[Listed records — start]
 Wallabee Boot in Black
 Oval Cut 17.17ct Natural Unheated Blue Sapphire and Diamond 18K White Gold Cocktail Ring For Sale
[Listed records — finish]
[Listed records — start]
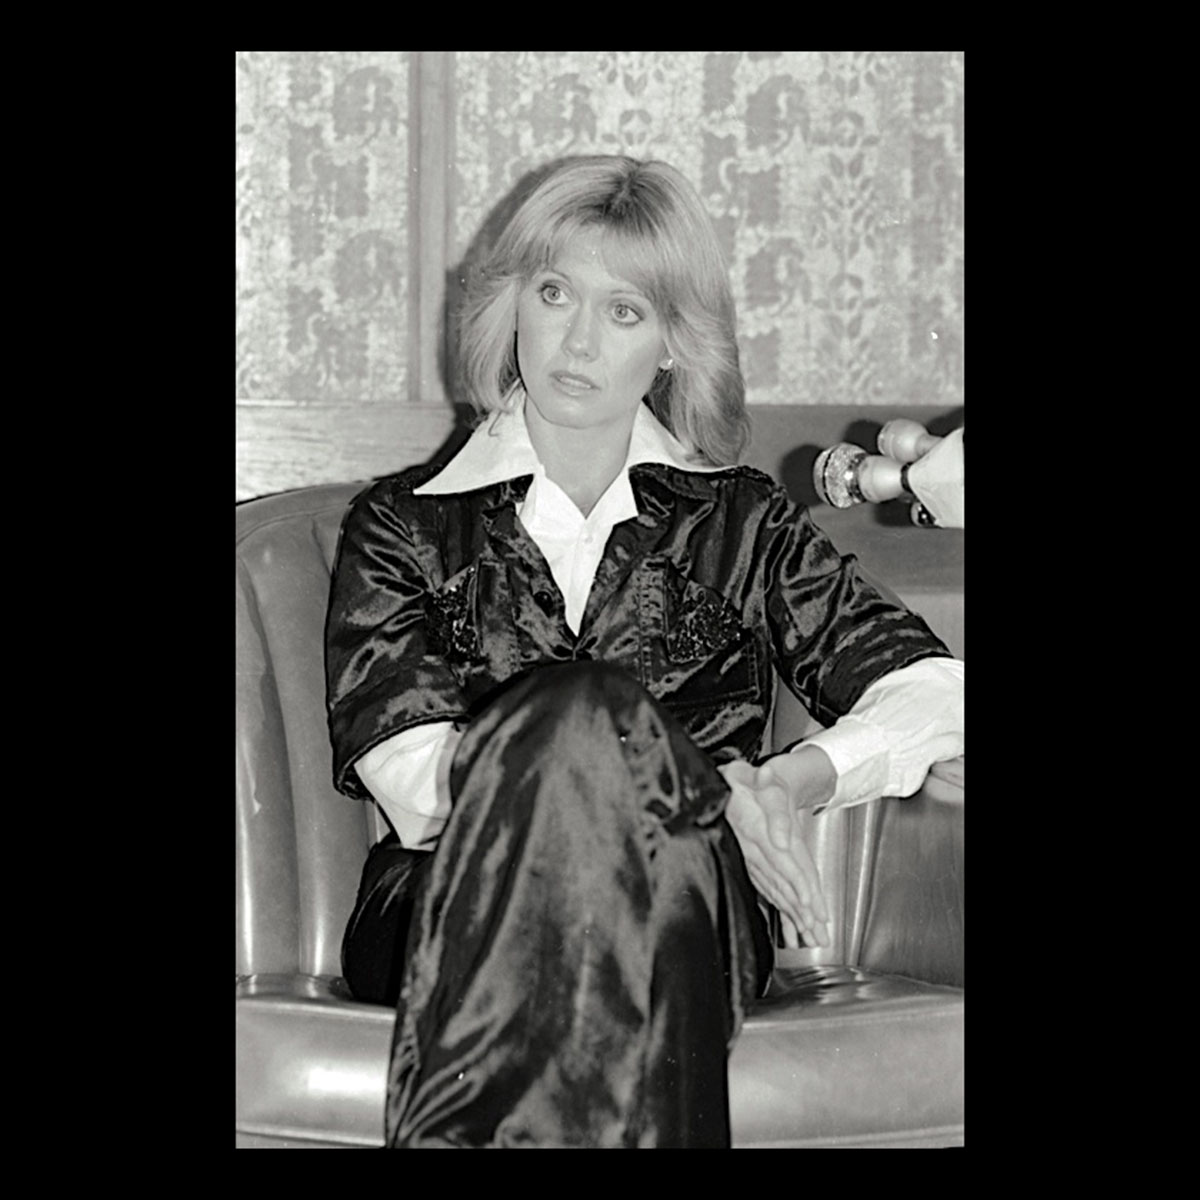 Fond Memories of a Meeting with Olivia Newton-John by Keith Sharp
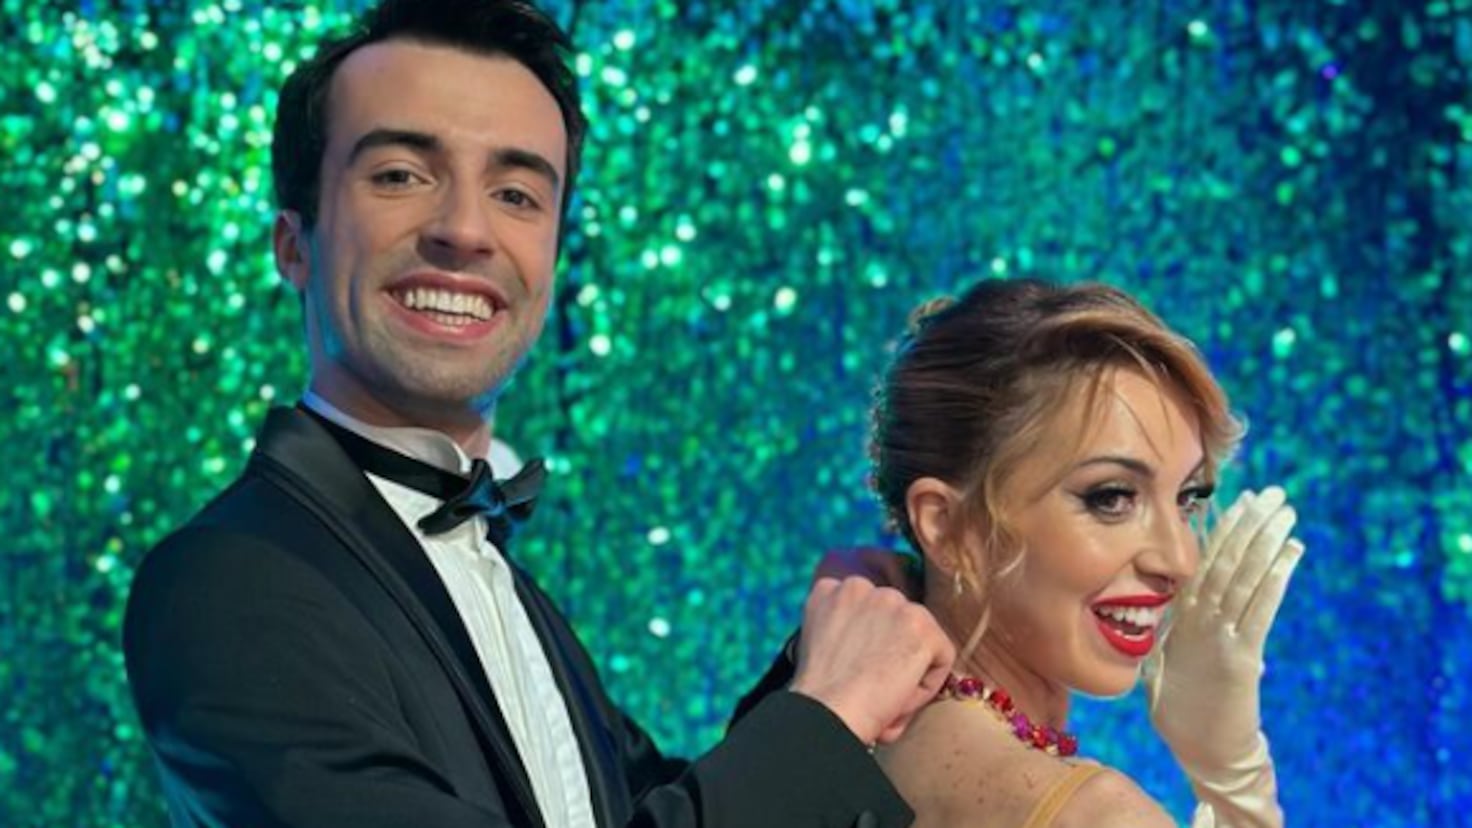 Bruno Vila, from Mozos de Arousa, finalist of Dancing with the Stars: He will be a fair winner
[Listed records — finish]
[Listed records — start]
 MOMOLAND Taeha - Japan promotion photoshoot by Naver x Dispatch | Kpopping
[Listed records — finish]
* [About this task]: Your answer should consist of the lines from the line with "Wallabee Boot in Black" to the line with "Oval Cut 17.17ct" above, repeated exactly, both ends included.

* [Task result]:
 Wallabee Boot in Black
 Oval Cut 17.17ct Natural Unheated Blue Sapphire and Diamond 18K White Gold Cocktail Ring For Sale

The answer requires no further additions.